▶ **Data extract**
>>>
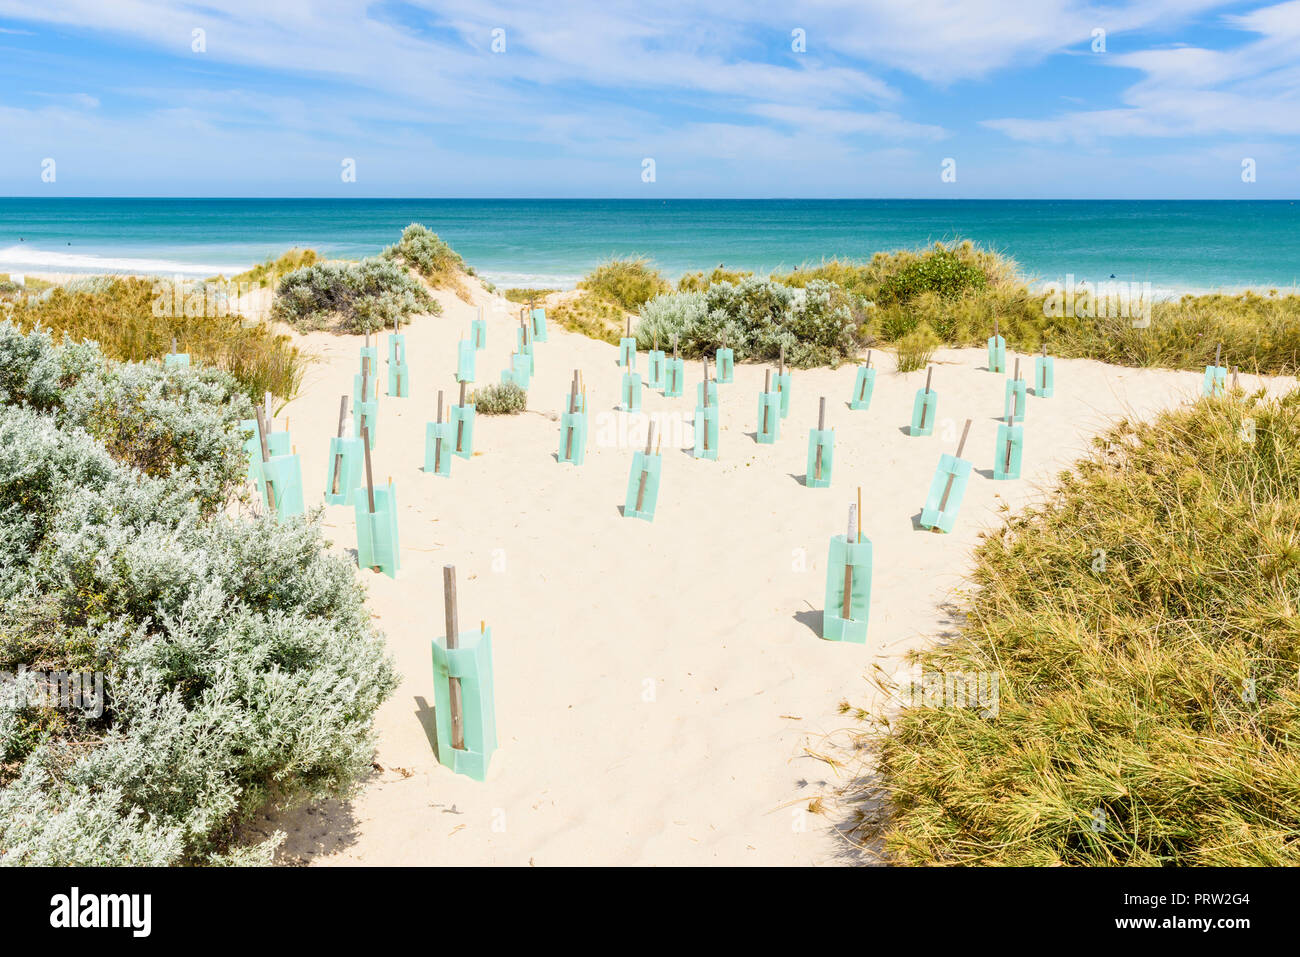 In corso di stabilizzazione dune proteggendo i nuovi impianti con struttura in plastica rifugi in un ecosistema costiero in Australia Occidentale Immagini Stock
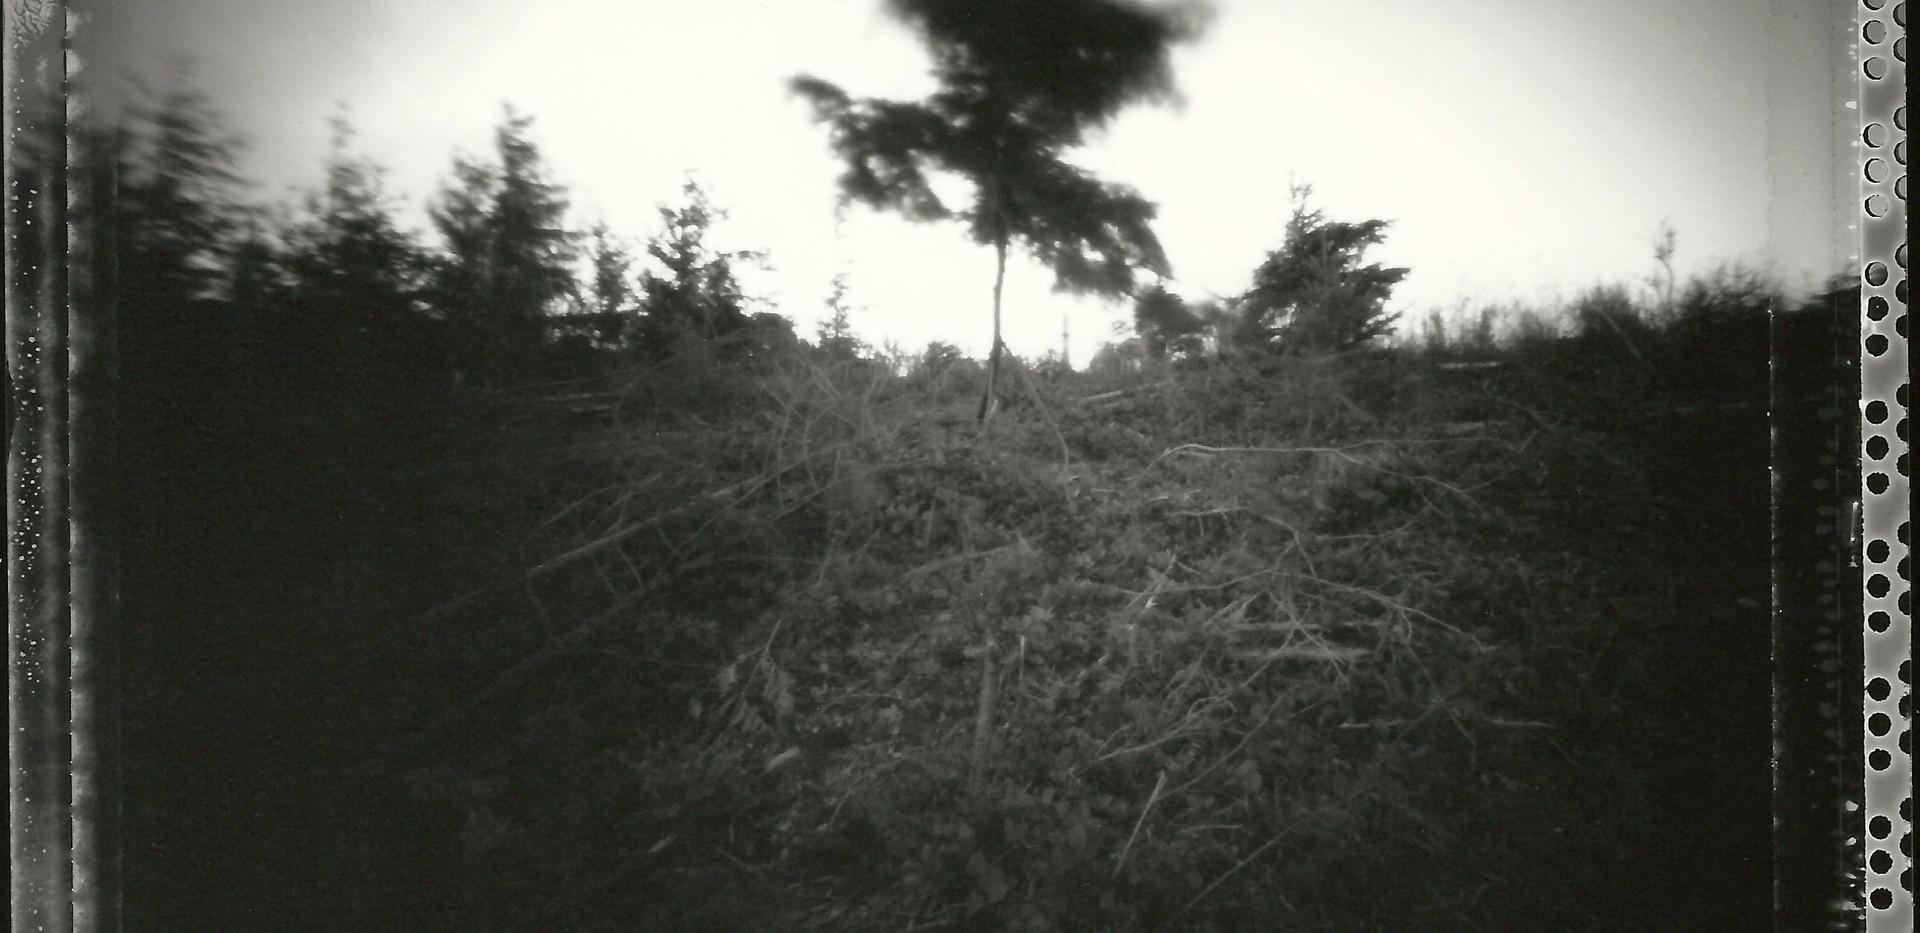 walega_pinhole__northbend_treeinwind.jpg
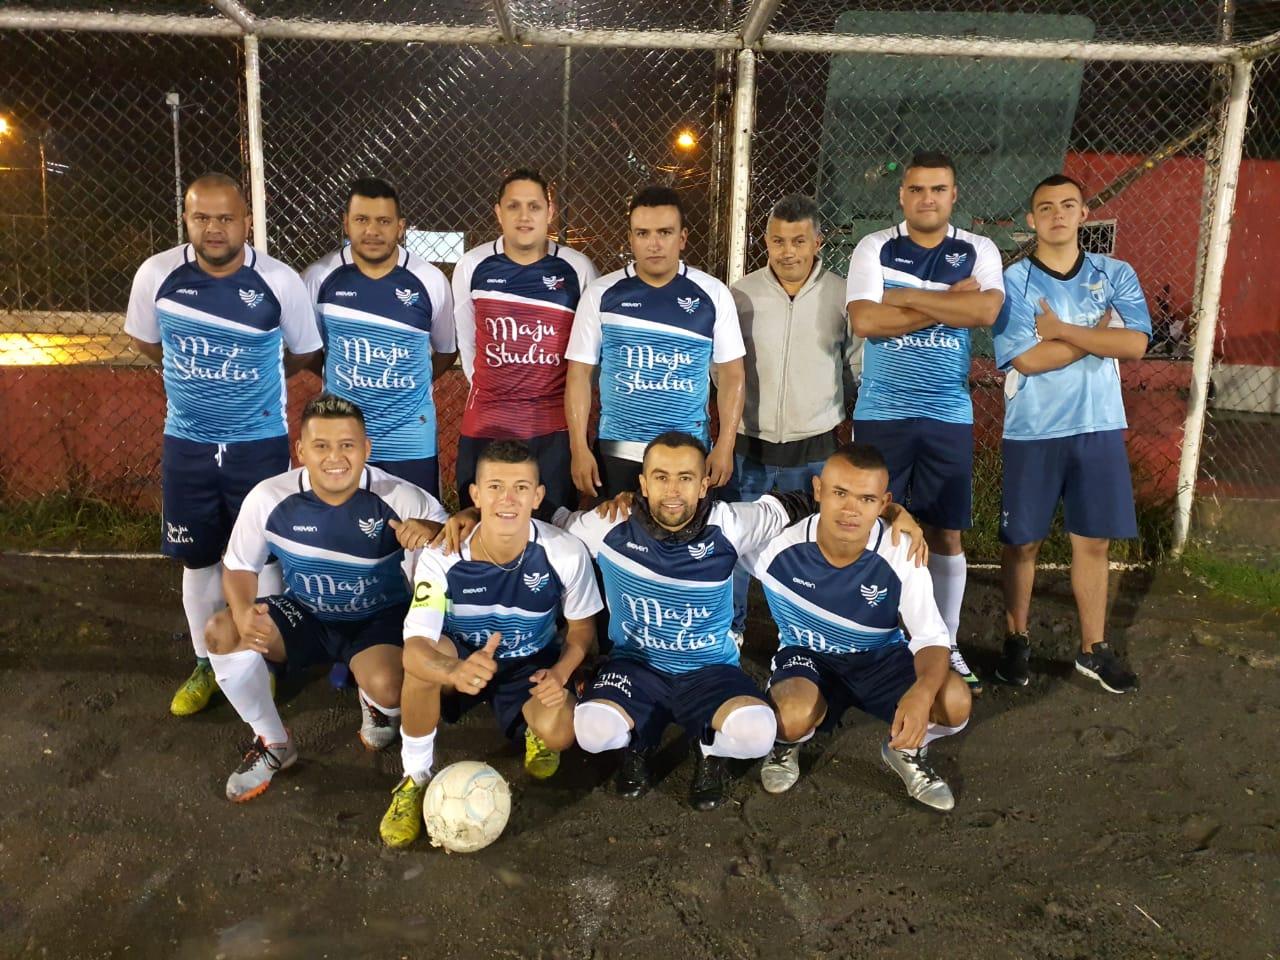 Equipo de Futbol de MaJu Studios en Manizales - Futbol aficionado Manizales
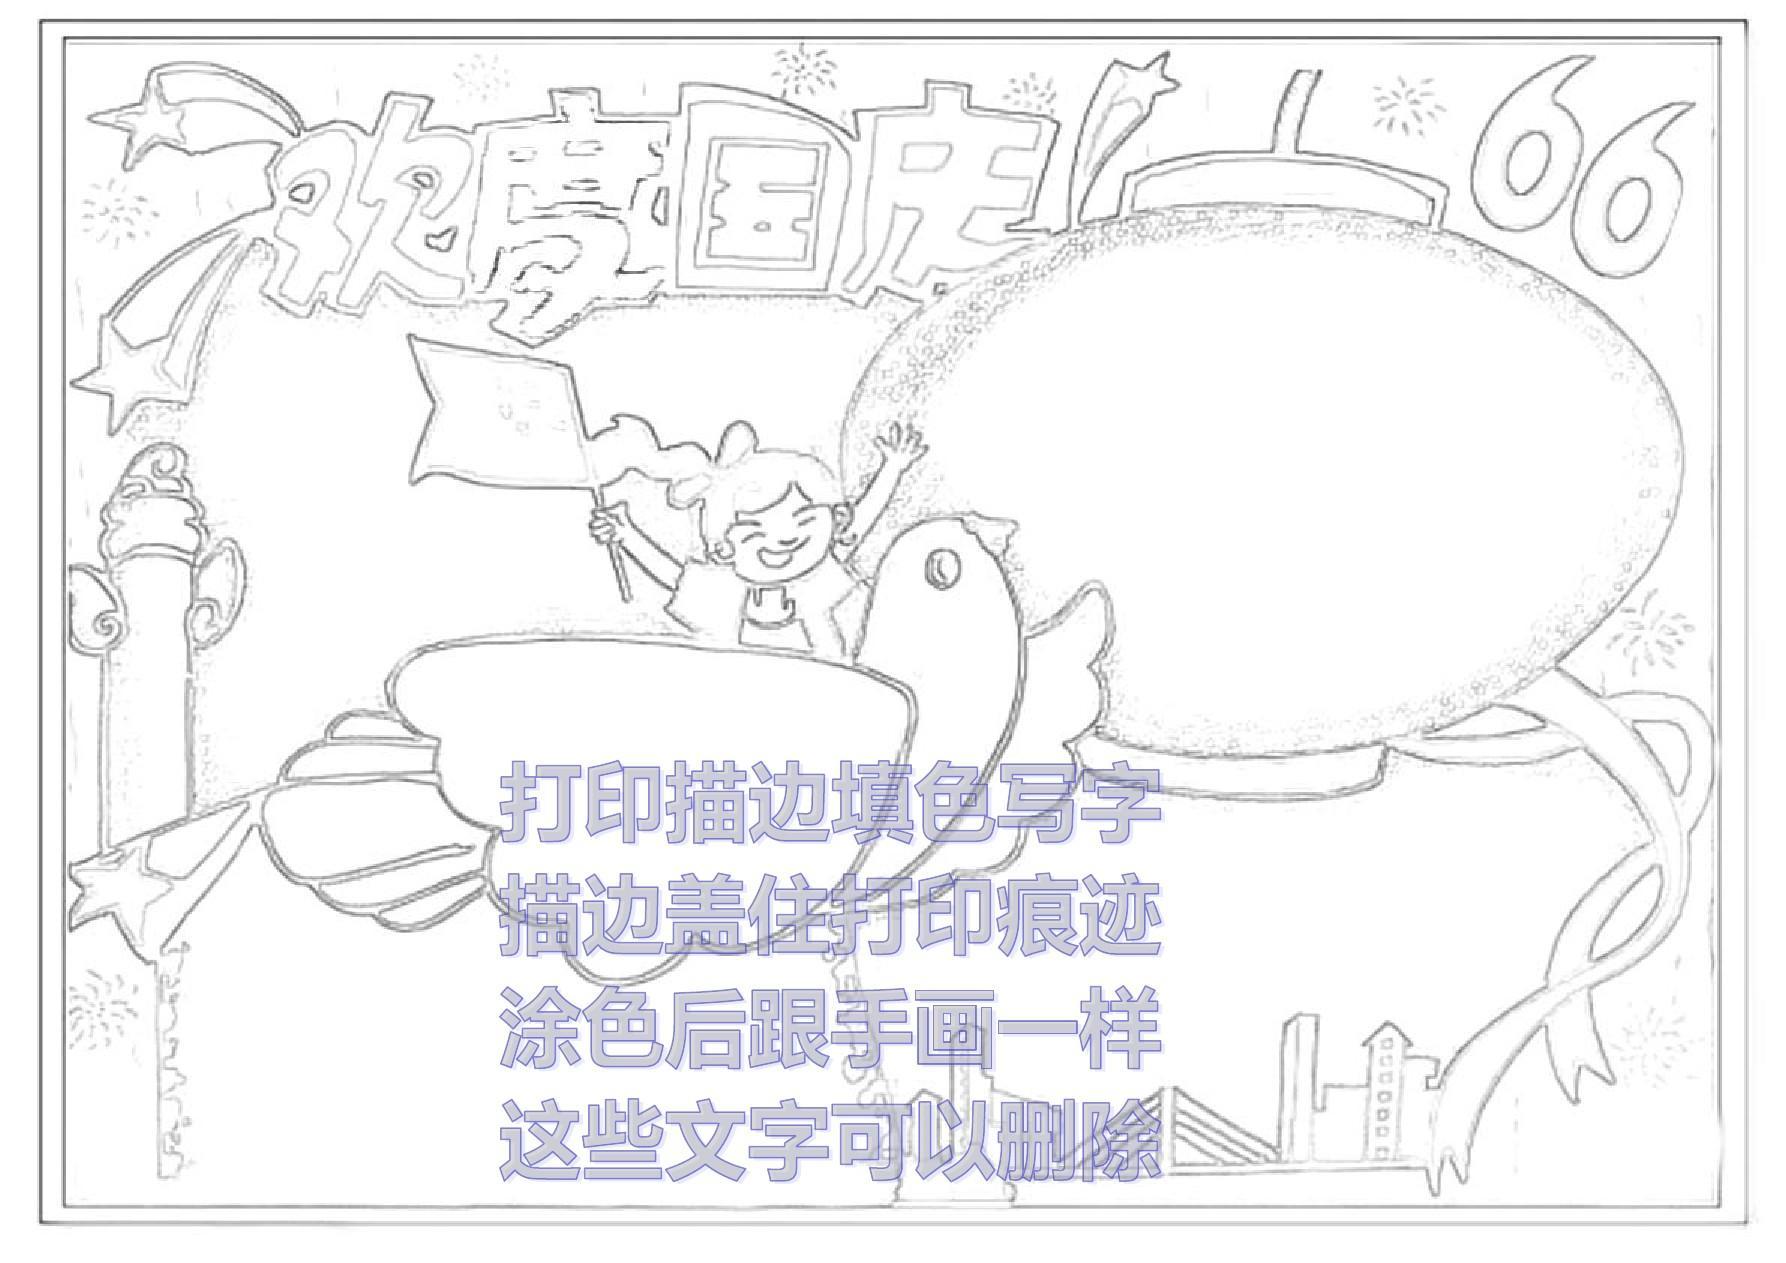 欢度国庆描边涂色简报,国庆快乐线描海报模板,手工绘制勾边填色小报图片
<<<
▶ **What is required**
Please print the line that contains "Equipo de Futbol" along with every later line of the material, exactly, through the last one. Leave pictures out of the copy.

▶ **Your solution**
 Equipo de Futbol de MaJu Studios en Manizales - Futbol aficionado Manizales
 欢度国庆描边涂色简报,国庆快乐线描海报模板,手工绘制勾边填色小报图片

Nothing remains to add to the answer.